Passage by Congress of legislation to close some of the loopholes in the taxing of business activities of universities appears very likely following the adoption last week of some proposals on the subject by the House Ways and Means Committee. The House group favors the taxing of unrelated businesses owned by colleges and of profits made by a tax-exempt institution when it buys a property with borrowed money and then leases it back to the original owner on a long-term basis.

A CRIMSON check shows that there is bipartisan support in Congress behind these ideas, but it is not yet certain when the proposed legislation in may be acted upon. John W. McCormack, House Majority leader, would not say when he thought the House would consider the suggestions. Senato action would follow.

Harvard Treasurer Paul C. Cabot '21 testified this winter before the House committee that these suggestions would have no effect on the University since it has always followed a conservative finance policy.

However, the legislation could harm many other colleges where sinking interest rates have forced officials to use every means possible to increase the returns from their endowment.

A crowded House calendar in an election year may delay consideration of the proposals for a time, but it seems clear that eventually they will pass, for no reasoned opposition to the bill has been presented.

Need for Funds

Urgent need for more funds by the government is one reason for the strong support of the ideas. Legislators view these suggestions as an easy way to increase tax collections by as much as $100,000,000 a year. (The proposals also hit foundations and charitable trusts, in addition to educational institutions.)

Representative Robert W. Kean '15 (R-N. J.), a member of the Ways and Means Committee, offered a second reason--the unfairness of the present system. He told the CRIMSON, "If a business owned by a college does not pay the corporation tax which every other business in the same industry pays, it could undersell all of its competitors and perhaps put them out of business."

Congressmen said that it was excessive abuses of the present lenient system which has existed for many years that led to the current "reforms." The most famous case is the ownership of the Mueller Macaroni Co. by New York University. The courts did not wait for legislative action, ruling early this month that N.Y.U. must pay back taxes on its profits.

The University of Louisville today operates the Churchill Downs race track through an associated foundation; Yale owns the property on which a San Francisco department store is located.

Committee United

All the Ways and Means Committee members contacted by the CRIMSON felt that the changes had to be made. The ideas have strong administration backing, having been first presented by Secretary of the Treasury John W. Snyder in early February.
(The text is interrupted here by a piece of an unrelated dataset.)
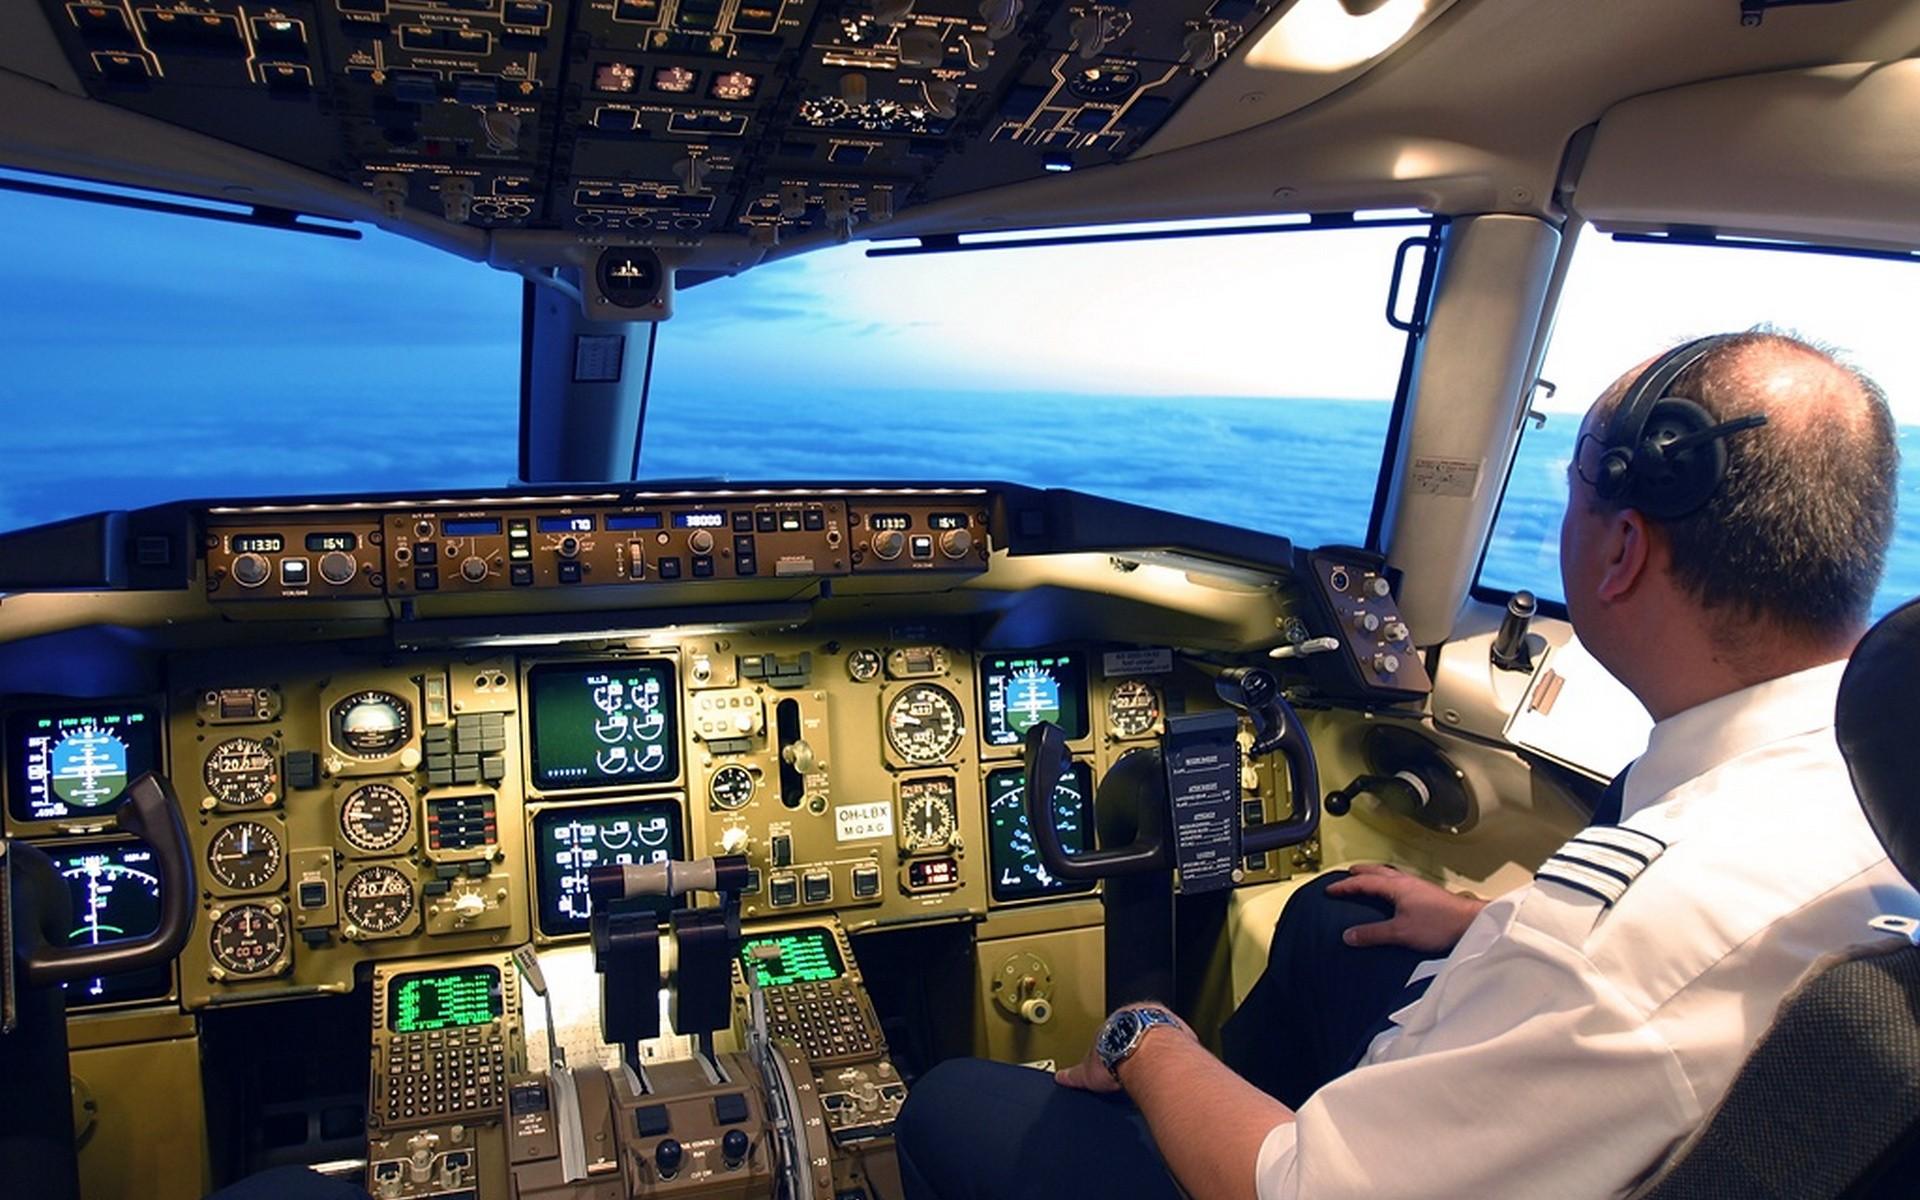 Wallpaper Clouds Airplane Pilot Person Cockpit Air

Senator Robert A. Taft (R-Ohio), the leading Senate Republican, said that he was "surprised" when he learned of the present tax set-up. He strongly endorsed the reforms now approved by the House group.

In the face of all this criticism, the Association of American Universities issued a statement urging education institutions to avoid investments that would jeopardize their tax-exempt status.

The association's recommendations were based on a report prepared by a group of leading educators headed by M.I.T. President James R. Killian, Jr., who receives an honorary degree here today.

The group did defend as proper the "lease back deals" referred to earlier in which a university buys a business and then leases it back to the seller.